Why Pull Requests?

I work on a number of GitHub hosted projects where all changes to the default branch (typically master) are accompanied by a pull request (e.g. ol3). Typically, the pull request serves as a place where changes get reviewed and eventually approved by other contributors. But we also use pull requests for “trivial” changes that don’t typically get reviewed. A conversation came up at work about this topic, and I thought I’d share my thoughts. This is specific to GitHub’s handling of pull requests, but may be relevant to other hosted services as well.

GitHub provides a way for people to get notification about pull requests. The same is not true for merges or other commits. So opening pull requests, even if it means merging without review, allows people to keep up without reading all the commit logs.

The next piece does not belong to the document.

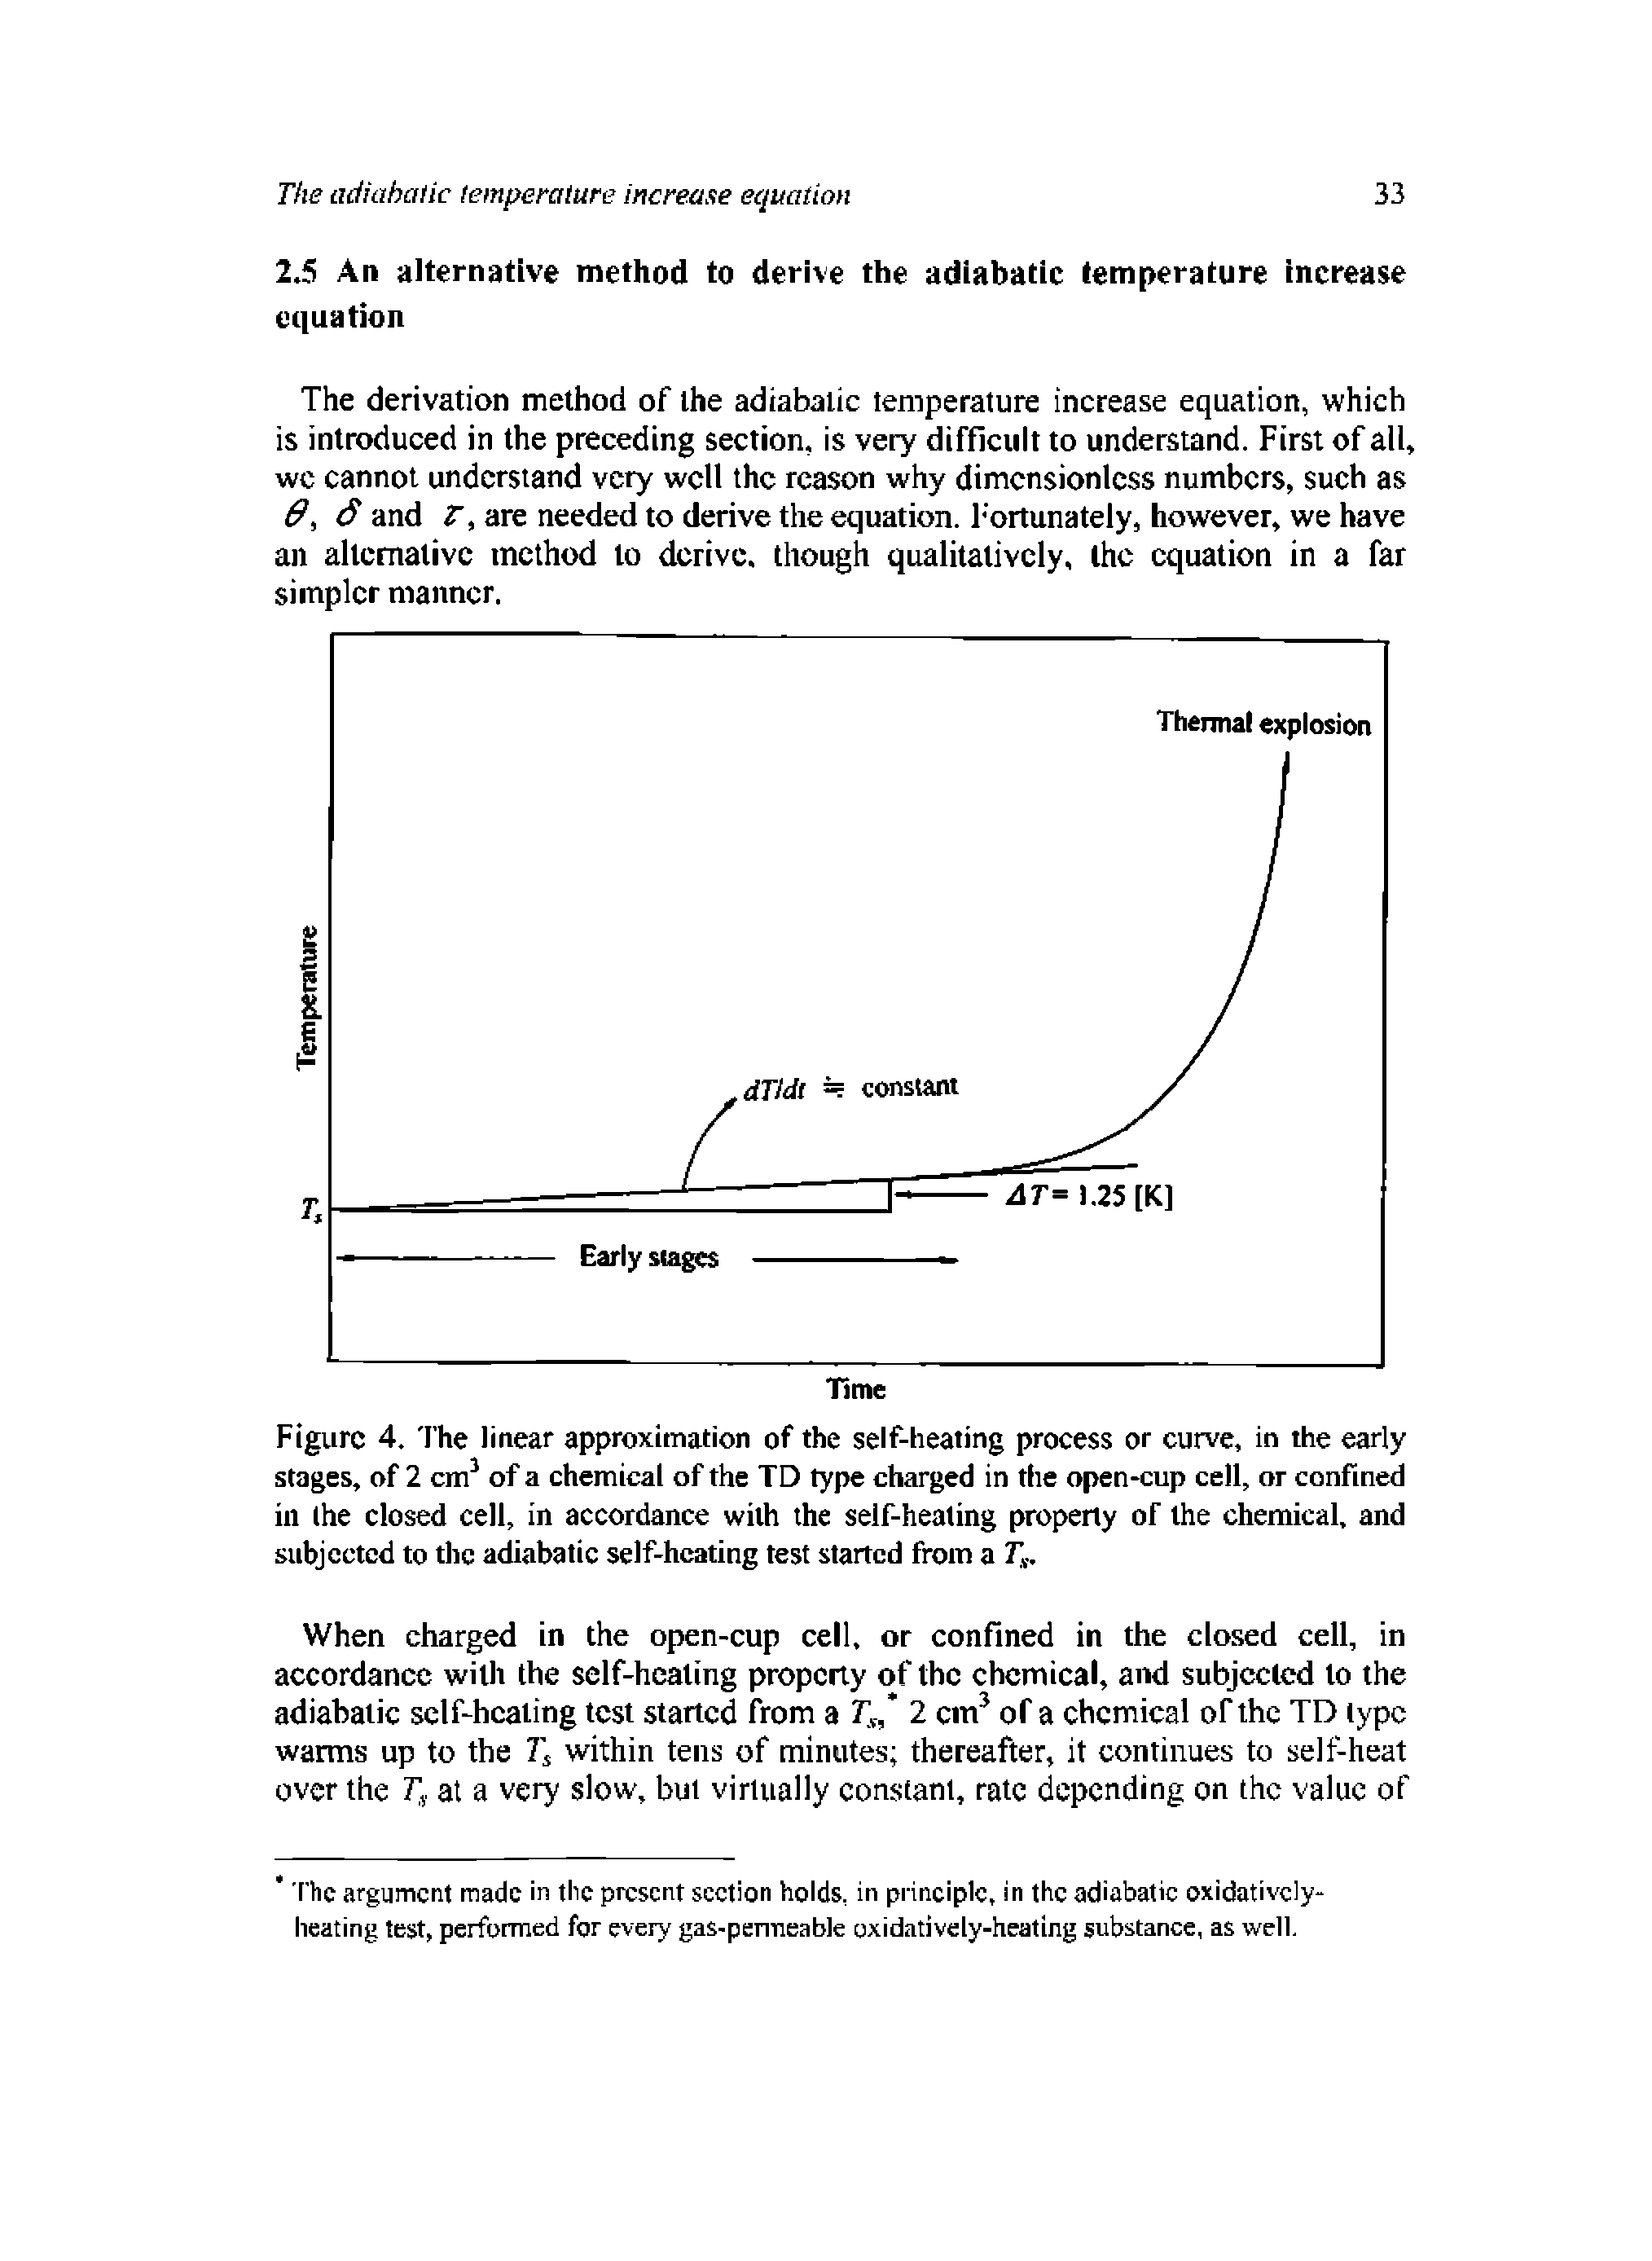 Figure 4. The linear approximation of the self-heating process or curve, in the early stages, of 2 cm of a chemical of the TD type charged in the open-cup cell, or confined in the closed cell, in accordance with the self-healing property of the chemical, and subjected to the adiabatic self-hcating test started from a T,.

Similarly, if you never merge into the default branch without a pull request, the GitHub API provides a fairly easy way to generate a simple change log. I say fairly easy because while the API doesn’t let you filter merged pull requests by date, you can filter closed issues by date. The full git log often provides more detail than you want, but the list of closed issues can be an effective summary of activity.

On top of that, a pull request provides a single place where all comments associated with any commits in a merge are collected. You don’t have to comment directly on the pull request, just on individual commits. If a set of changes ever needs to be revisited, the pull request is a good place to return to for a transcript of the discussion.